Phosphatases are enzymes reversing the phosphorylation state of proteins. Currently there are approximately 226 known protein phosphatases [12]. The process of phosphorylation and dephosphorylation can be extremely complex, since a single kinase or phosphatase may simultaneously have multiple substrates and may function in various cell-signalling pathways. The concept of reversible protein phosphorylation developed by Fischer and Krebs with the elucidation of the hormonal control of glycogenolysis [13] is the basis for the understanding of how cellular functions are controlled, a finding that brought E.G Krebs and E. Fischer the Nobel Prize in Medicine in 1992.
3. Protein Kinases in Cellular Signalling
The signalling pathways regulated by protein kinases contribute to the onset and progression of almost all types of cancer. Consequently, research of the signalling pathways mediated by protein kinases and the possibility of blocking them with targeted treatment does have major clinical/therapeutic utility especially since many of these proteins act as oncogenes. The signalling networks operating in cancer cells can also contribute to innate or acquired resistance to treatment, since they are able to create the most common or rare oncogenic mutations different from tumour to tumour (i.e., the so-called polygenic tumour biology, [14,15]).
Most cancer-relevant natural products interact with molecules involved in key intracellular signalling pathways like PI3K/AKT/mTOR/GSK3β, Ras/Raf/MEK/MAPK/ERK1/2, PL-Cγ/PKC/CaMKII/IV or JNK just to mention the classical signalling cascades. They all have in common that they influence key molecules in the nucleus mostly proteins involved in the regulation of gene transcription. Yet, these transcription factors are also subject to interaction with small natural compounds. Most molecules in the signalling pathways shown in Figure 1 belong to the STK group. Their activation, however, occurs following stimulation of tyrosine kinase receptors located in the cell plasma membrane and become active by their binding of external ligands on the extracellular domain of the receptor molecule (Figure 1).

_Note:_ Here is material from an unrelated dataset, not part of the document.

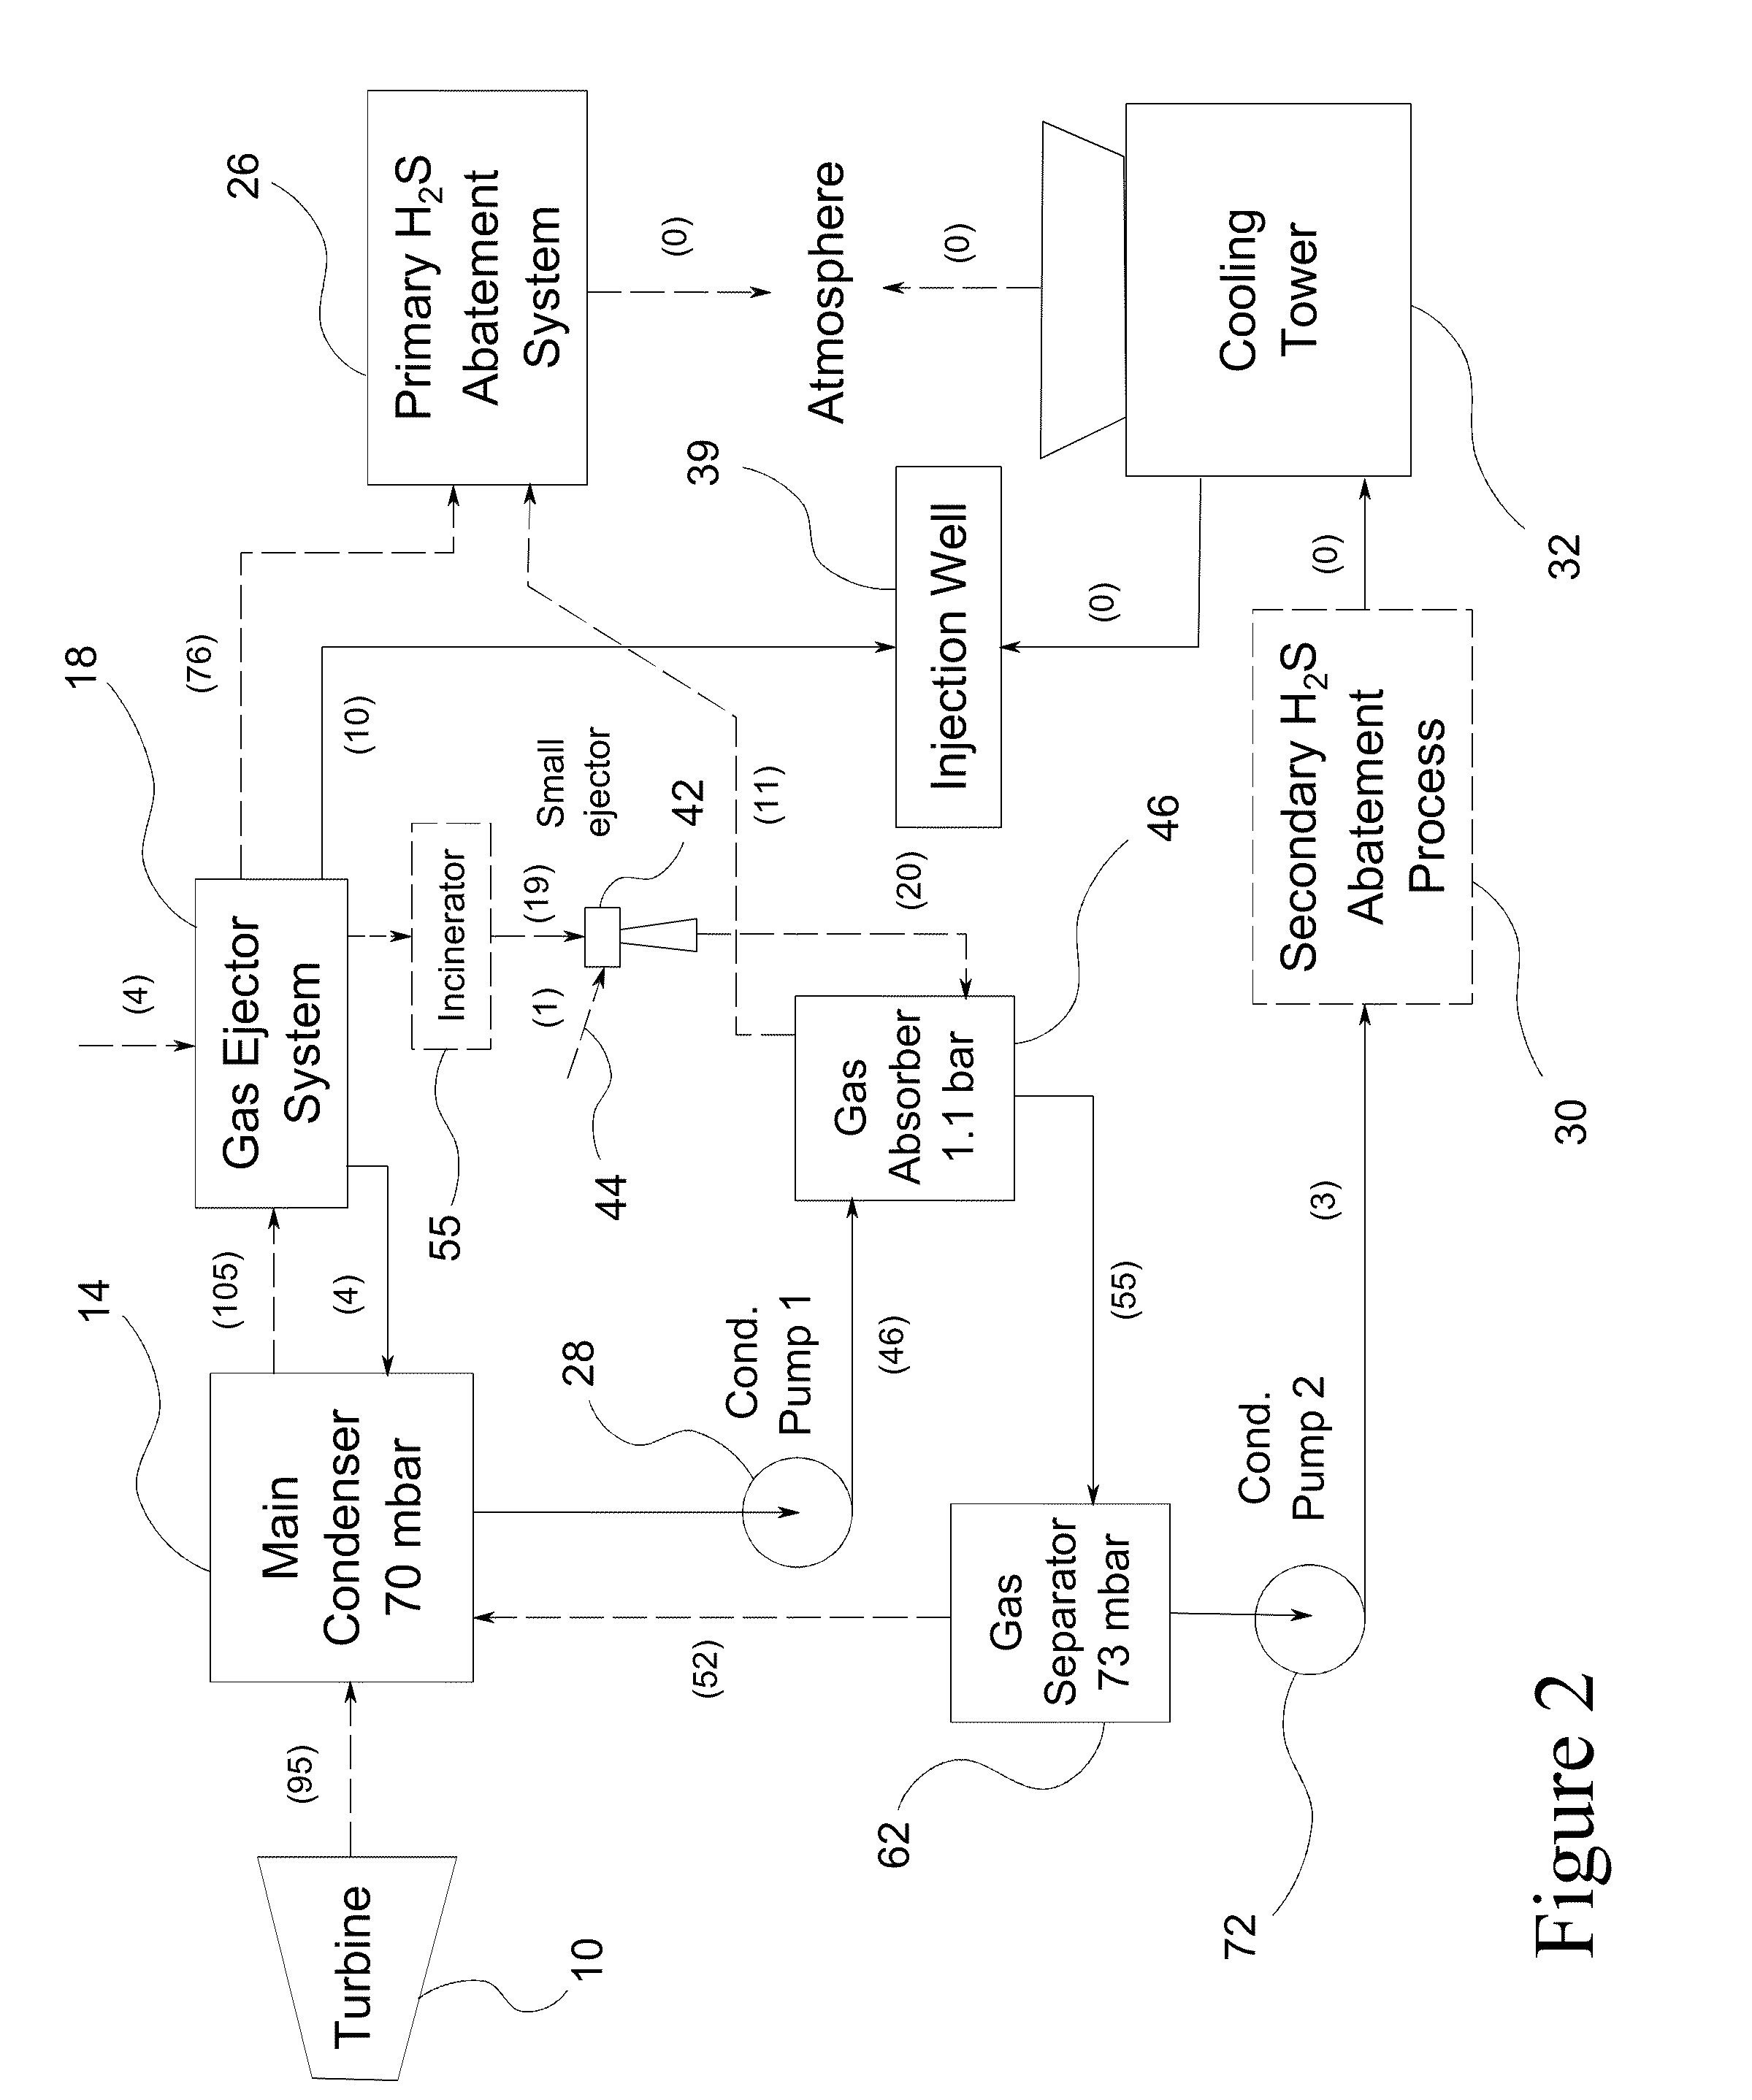 Method and Device to Remove Hydrogen Sulfide from Steam Condensate in a Geothermal Power Generating Unit

4. Role of Protein Kinases in Cancer
As already mentioned, protein kinases recognise specific short amino acid sequences in their substrates [16]. Some protein substrates, like the well-characterised tumour suppressor p53 protein is targeted by more than 30 different protein kinases and at more than 20 sites. Some sites, e.g., Ser15, are phosphorylated by more than eight different protein kinases. Needless to say that the elucidation of which protein kinase is responsible for the phosphorylation at a particular site at a certain time point is a challenging task [17].

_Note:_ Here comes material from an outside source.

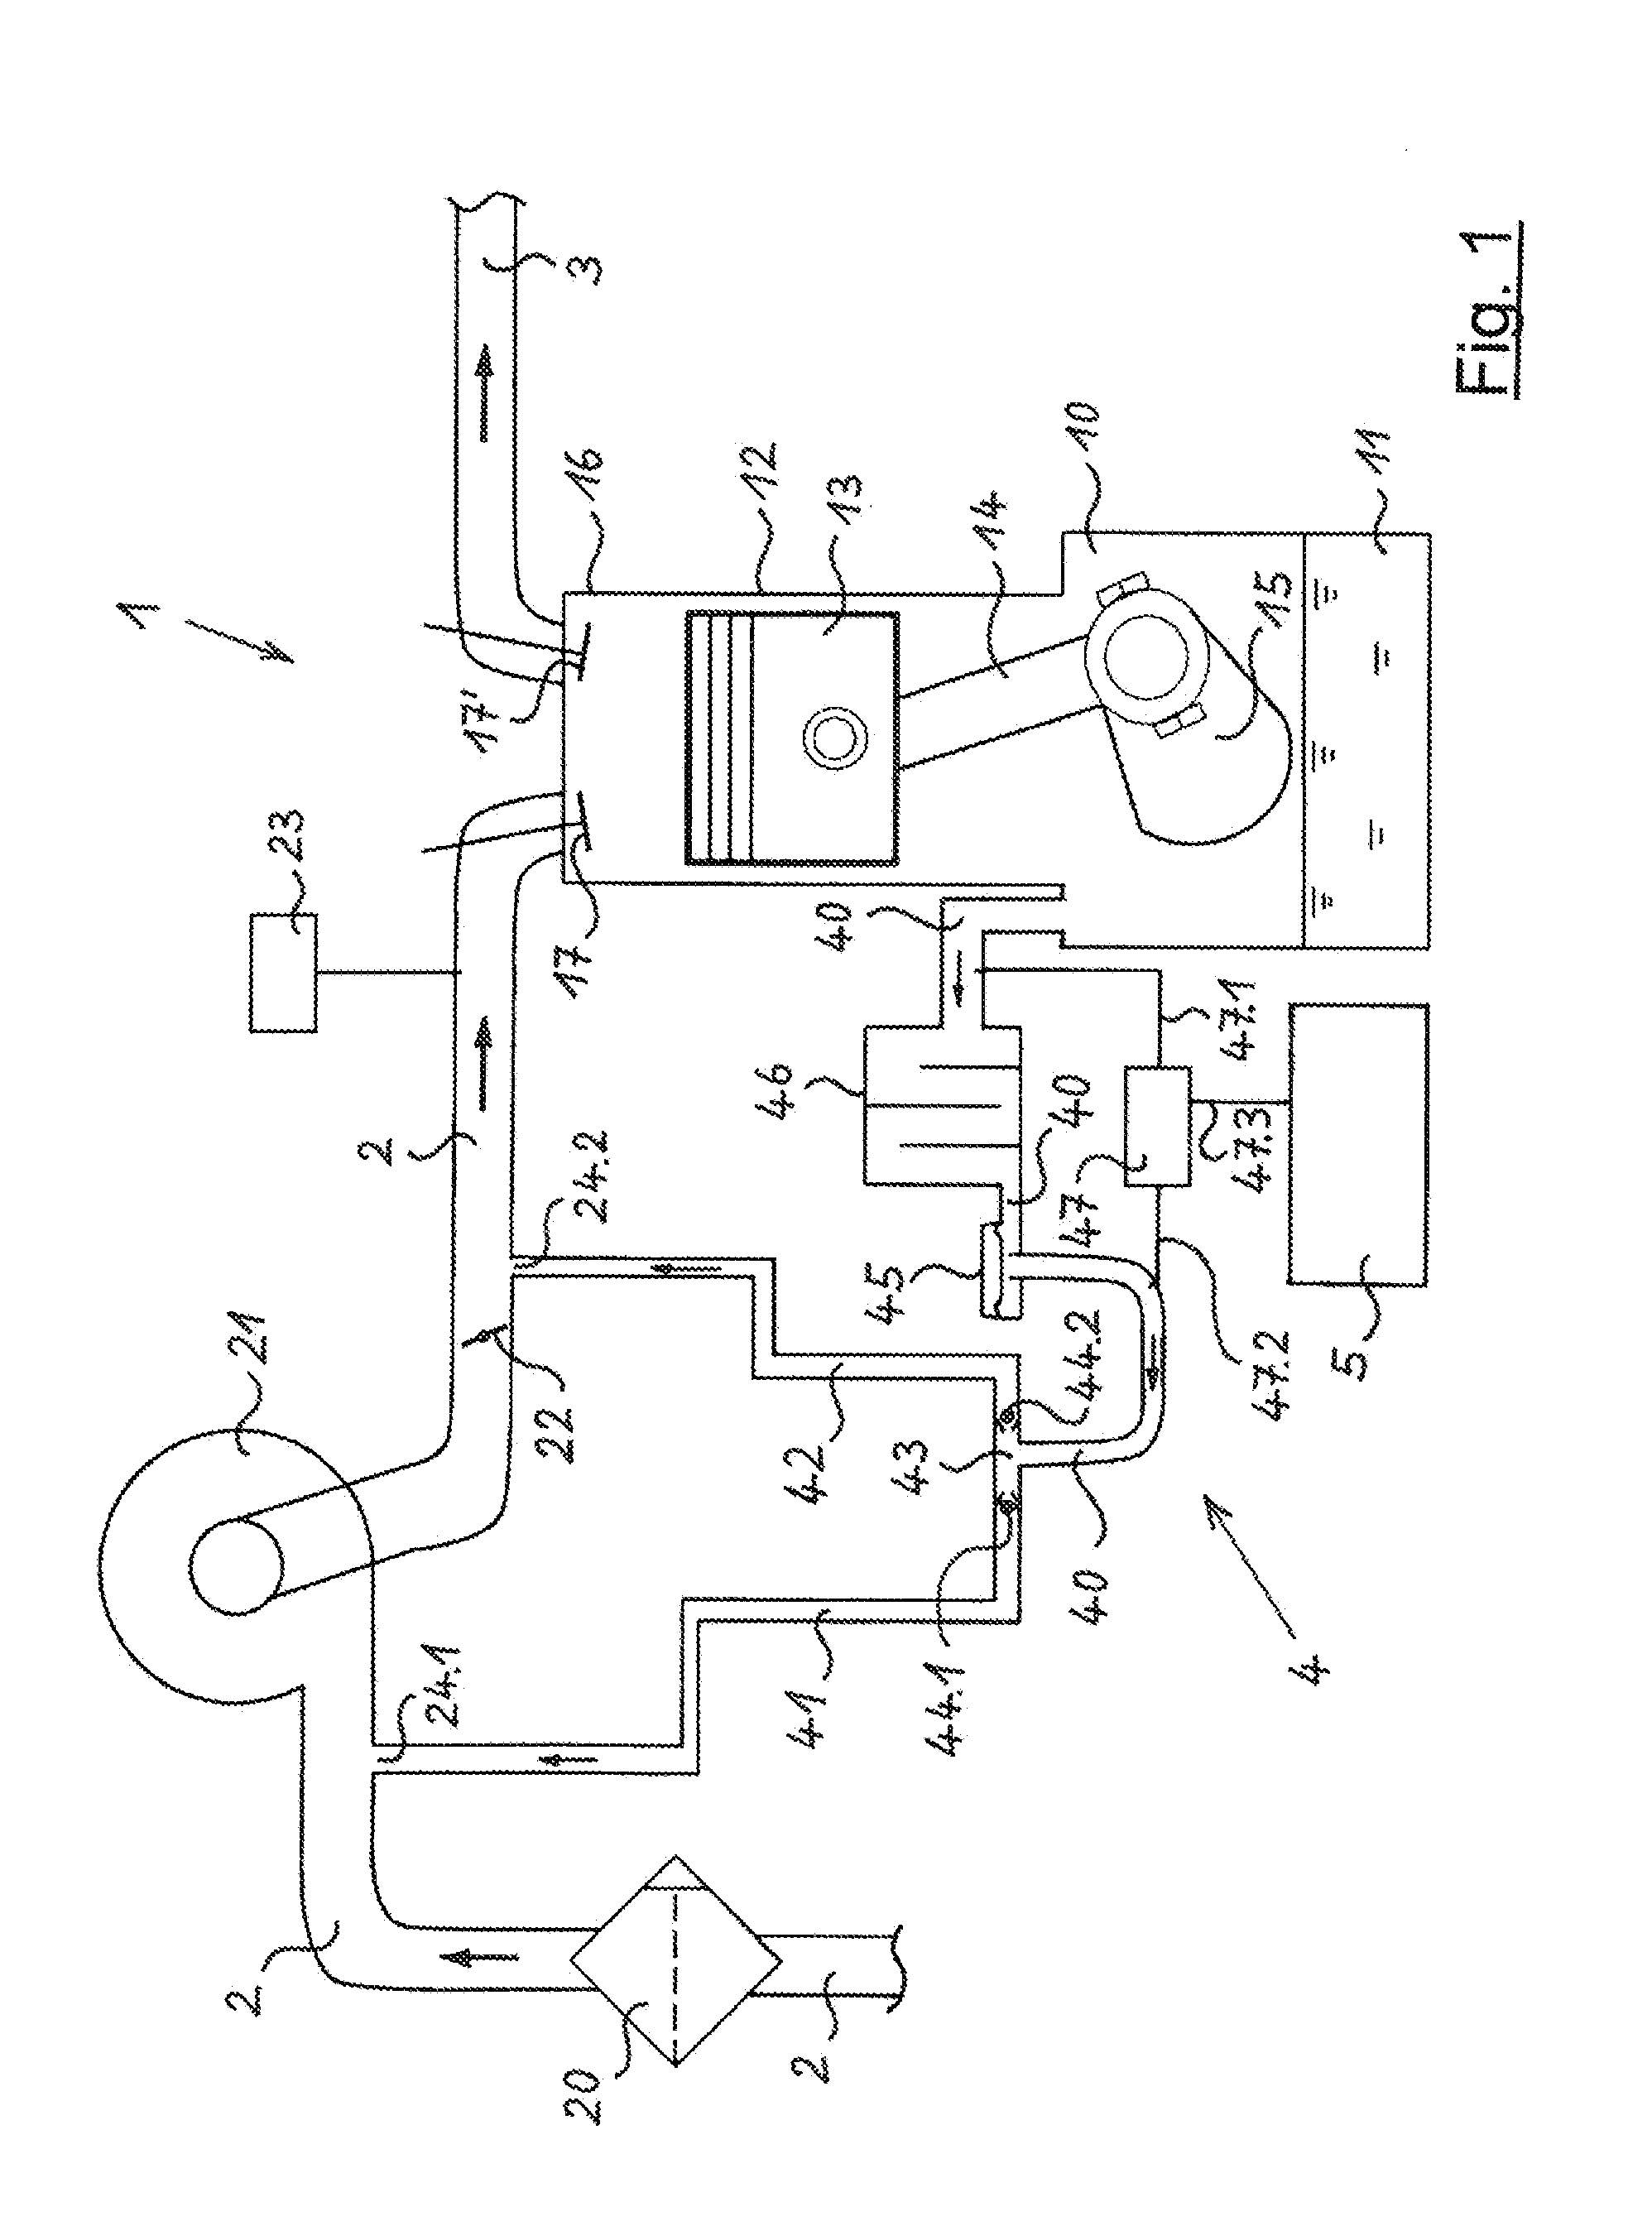 Internal combustion engine having a crankcase ventilation device, and method for monitoring a crankcase ventilation device

The interesting aspect of these considerations is that many proteins involved in signal transduction are targets for protein kinase modification and, most importantly, their function and/or activity can be modified rapidly, without the need of genetic alterations. The process of phosphorylation/dephosphorylation is a very efficient and rapid way of altering the activity of signalling molecules and one can imagine that mutations of either protein kinases or substrate molecules may lead to aberrations in signalling pathways important for preserving normal cellular homeostasis. The initial causes of cancer are multiple, including prolonged hormone stimulation (e.g., oestrogens in breast cancers and androgens in prostate cancers), viruses, chemical carcinogens, radiation, persistent inflammation, acquired or inborn genetic events and aneuploidy. Cancer is regarded as a genetic disease involving oncogenes activated by amplification or by point mutations. Chromosomal aberrations, which result in alterations in oncogenes and tumour suppressor genes in somatic cells, are another possible cause leading to cancer induction in humans and experimental animals (Figure 2). The abnormal oncogenic activation of protein kinases derives from multiple types of genetic changes. These alterations result in increased specific activity of the kinases themselves, their overexpression, or the loss of negative regulation. Most frequently, cancer cells harbour somatic point mutations at structurally conserved residues, or mutation in hotspot regions, which constitutively upregulate the kinase activity [18]. In addition, genomic instability—a hallmark of cancer cell [19,20]—can also result in elevated kinase activity enhancing intracellular signalling through a number of distinct mechanisms. Defects in the surveillance pathways that maintain genomic integrity can produce amplifications of large chromosomal regions or complex chromosomal rearrangements, which in turn result in a defect expression of a protein kinase or the expression of a constitutively activated chimeric form.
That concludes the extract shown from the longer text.